Avoca Mining Pty Ltd fined $20,000 for explosives charges

Avoca Mining Pty Ltd has been fined $20,000 in Kalgoorlie Magistrates Court
Date: Thursday, 15 June 2017

Avoca Mining Pty Ltd has been fined $20,000 in Kalgoorlie Magistrates Court after pleading guilty to four charges related to the secure storage of explosives.

On 5 May 2015, WA Police uncovered the theft of 100kg of explosives taken from the Higginsville gold operation near Norseman in the Goldfields. Two men and a woman were convicted in relation to the theft.

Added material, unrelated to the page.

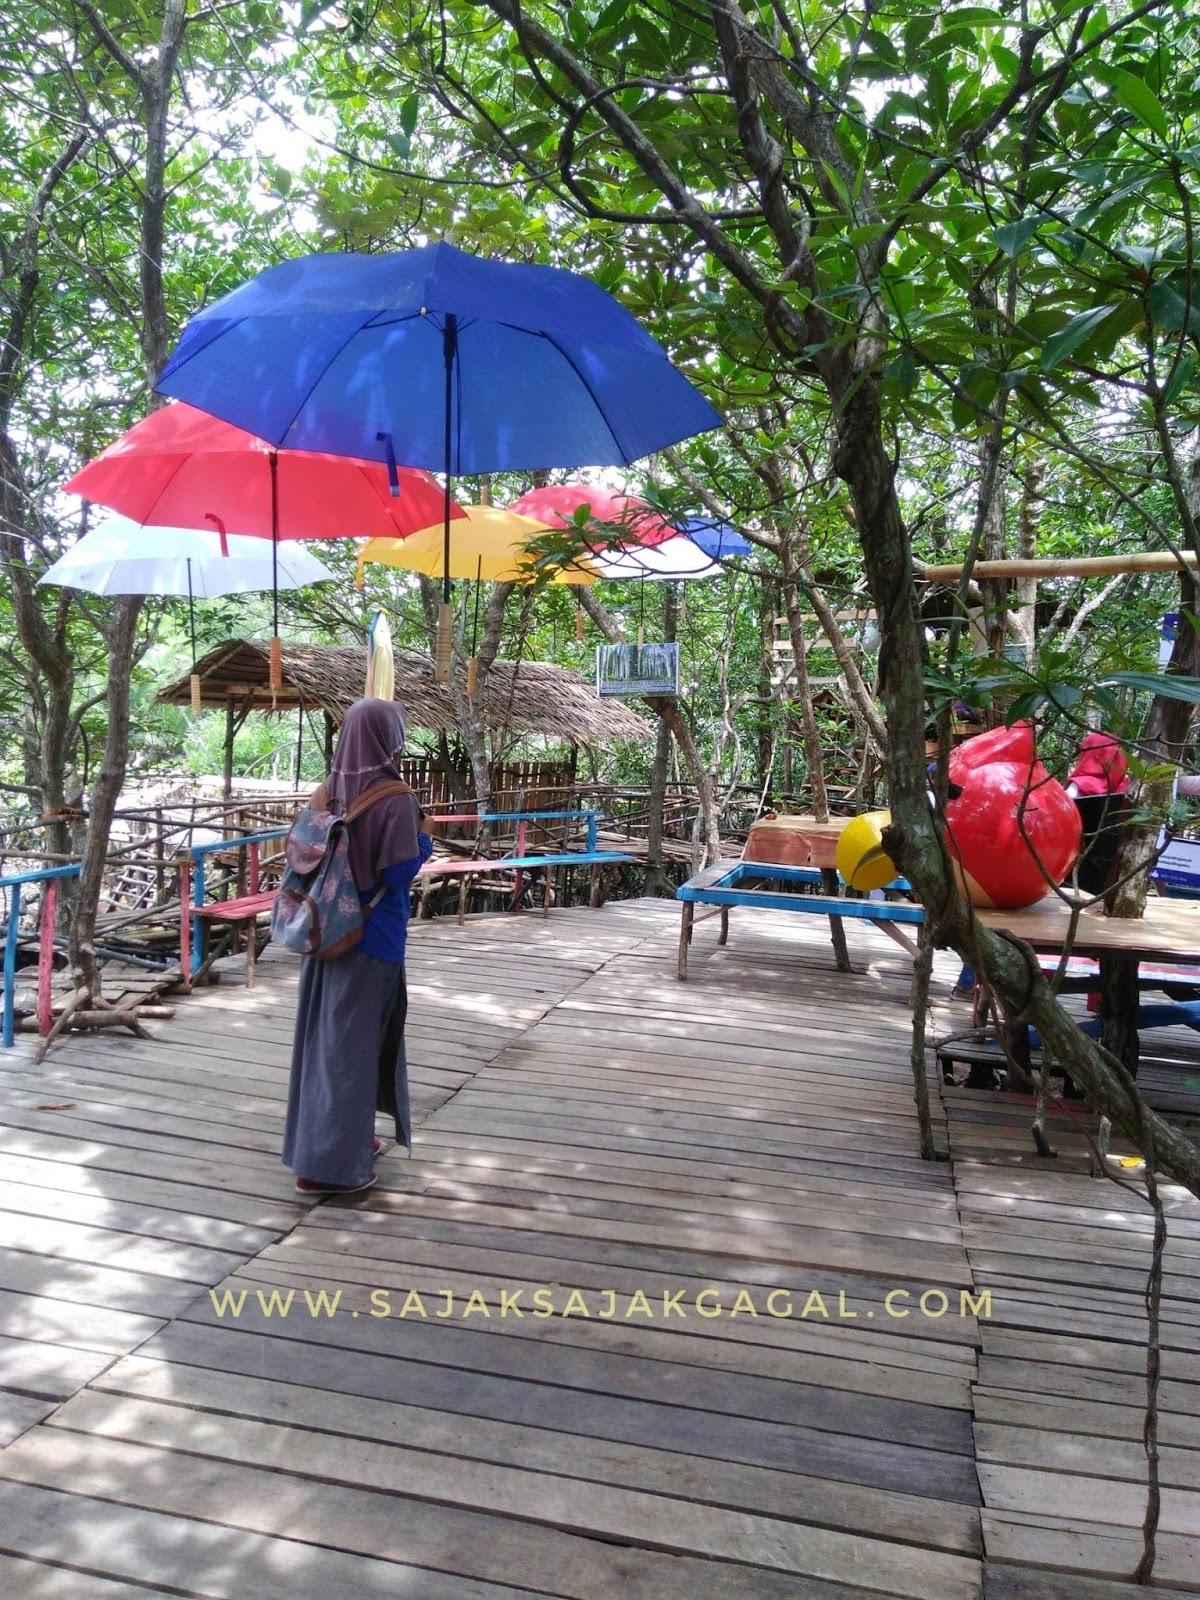 Nyantai Taman Pantai Berkas Bengkulu Yuk Blog Junita Susanti Wisata

Department of Mines and Petroleum Chief Dangerous Goods Officer Ross Stidolph said the department's investigation discovered a series of failures with regard to secure storage of explosives.

"While the company did make some efforts to comply with regulations, given the high risks to the community associated with explosives, any failures in the systems used to keep explosives secure should be considered as particularly serious," Mr Stidolph said.

"The department’s investigation found that inventory records did not accurately account for explosives moving in and out of the explosives storage facility.

"Companies with an explosives licence need to conduct regular stocktakes and ensure they adequately investigate any discrepancies with their inventory."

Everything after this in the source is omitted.